6. The antibody pair for detecting cTnI according to claim 4, characterized in that, The heavy chain constant region includes CH1 of IgG1, the hinge region of IgG1, CH2 of IgM, CH3 of IgM, and / or CH4 of IgM.

7. A reagent for detecting cTnI, characterized in that, The reagent includes a first group of antibodies and a second group of antibodies, wherein the first group of antibodies is the first antibody as described in any one of claims 1-6; and the second group of antibodies is the second antibody as described in any one of claims 1-6.

8. The reagent according to claim 7, characterized in that, One of the first group of antibodies and the second group of antibodies is a coating antibody, and the other group is a labeled antibody.

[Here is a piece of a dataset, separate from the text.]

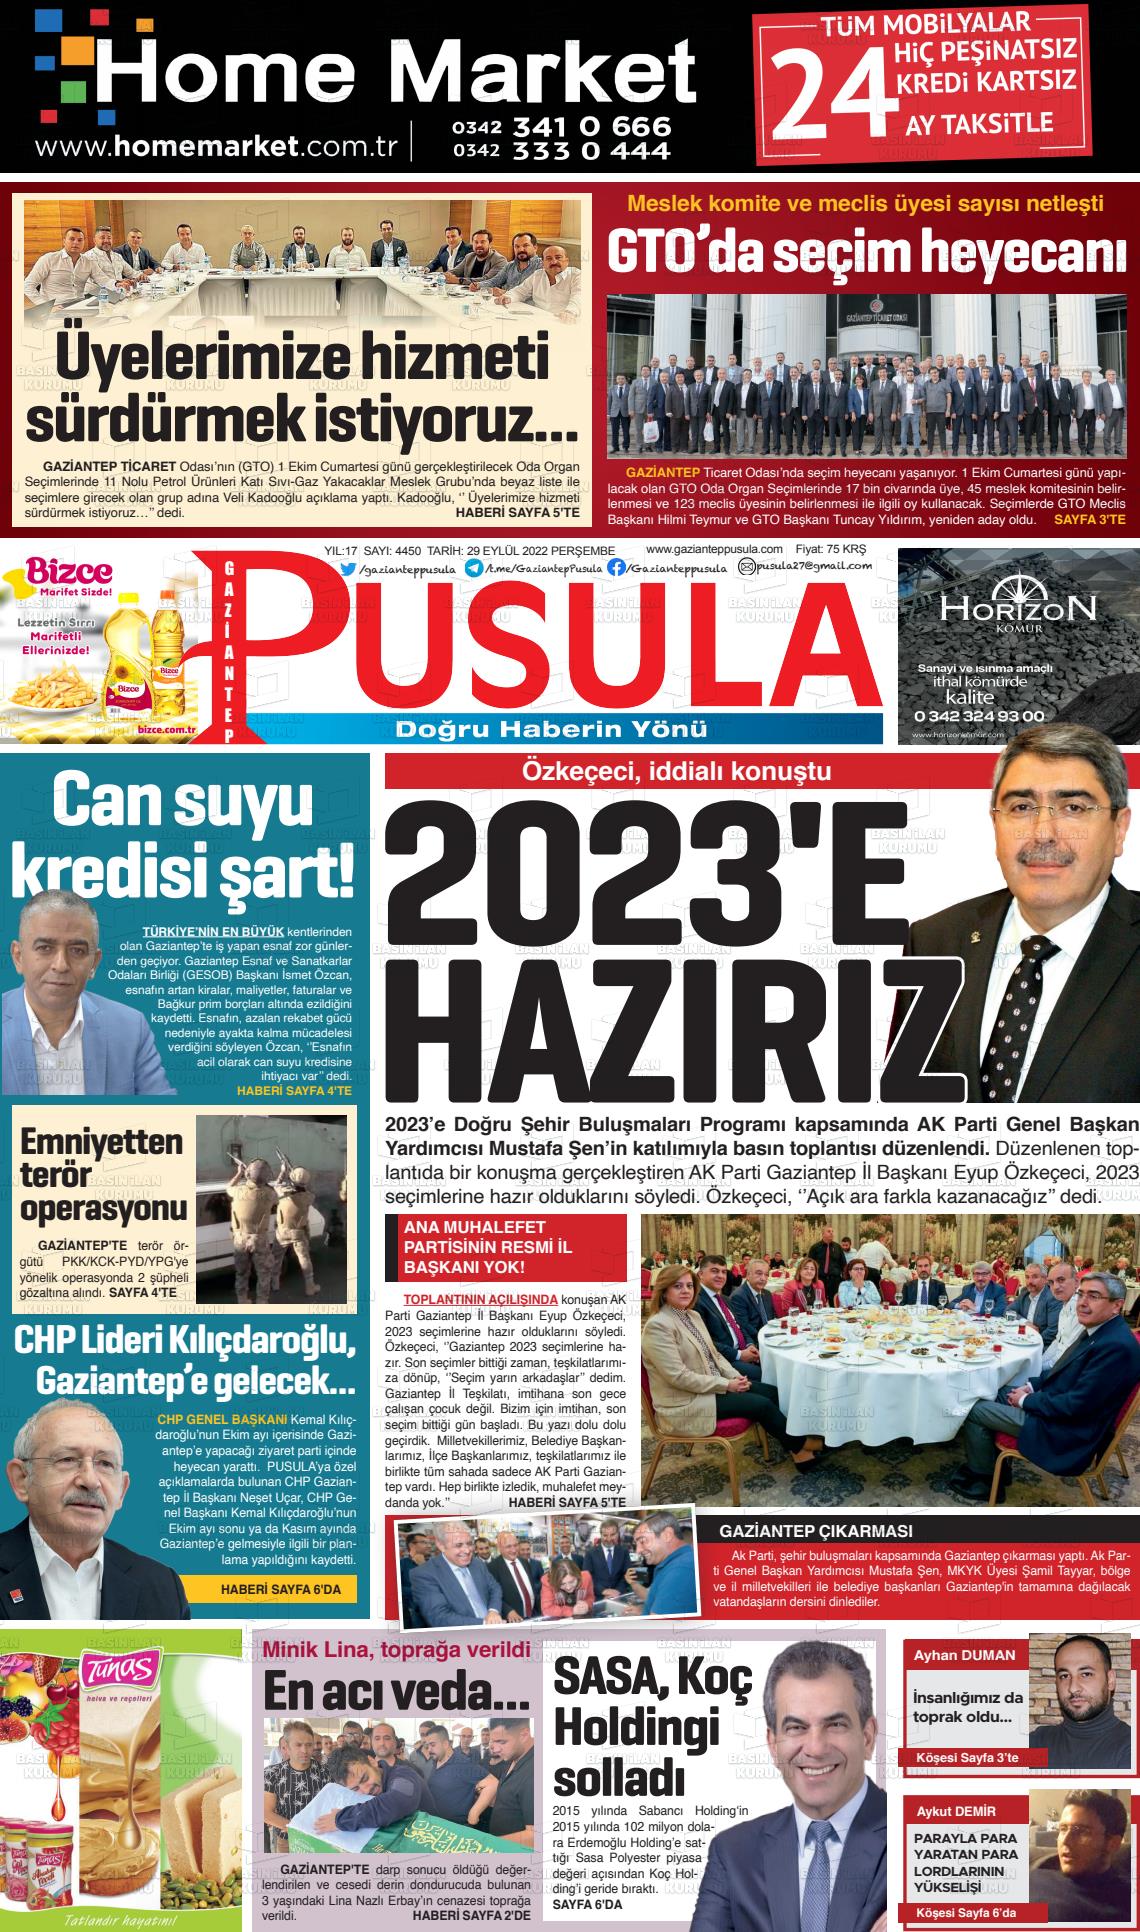 29 Eylül 2022 Gaziantep Pusula Gazete Manşeti

9. The reagent according to claim 8, characterized in that, The coated antibody or labeled antibody is conjugated with biotin.

10. The reagent according to claim 8, characterized in that, The labeled antibody is coupled with a fluorescent dye, enzyme, radioisotope, chemiluminescent label, electrochemiluminescent label, or nanoparticle label.

11. The reagent according to claim 10, characterized in that, The nanoparticle-based markers are selected from colloidal gold, fluorescent microspheres, and latex.

12. The reagent according to claim 8, characterized in that, The coated antibody is coupled to a solid-phase carrier.

13. The reagent according to claim 12, characterized in that, The solid support is selected from microspheres, plates, and membranes.

14. Use of the antibody pair according to any one of claims 1-6 or the reagent according to any one of claims 7-12 in the preparation of a product for detecting cTnI.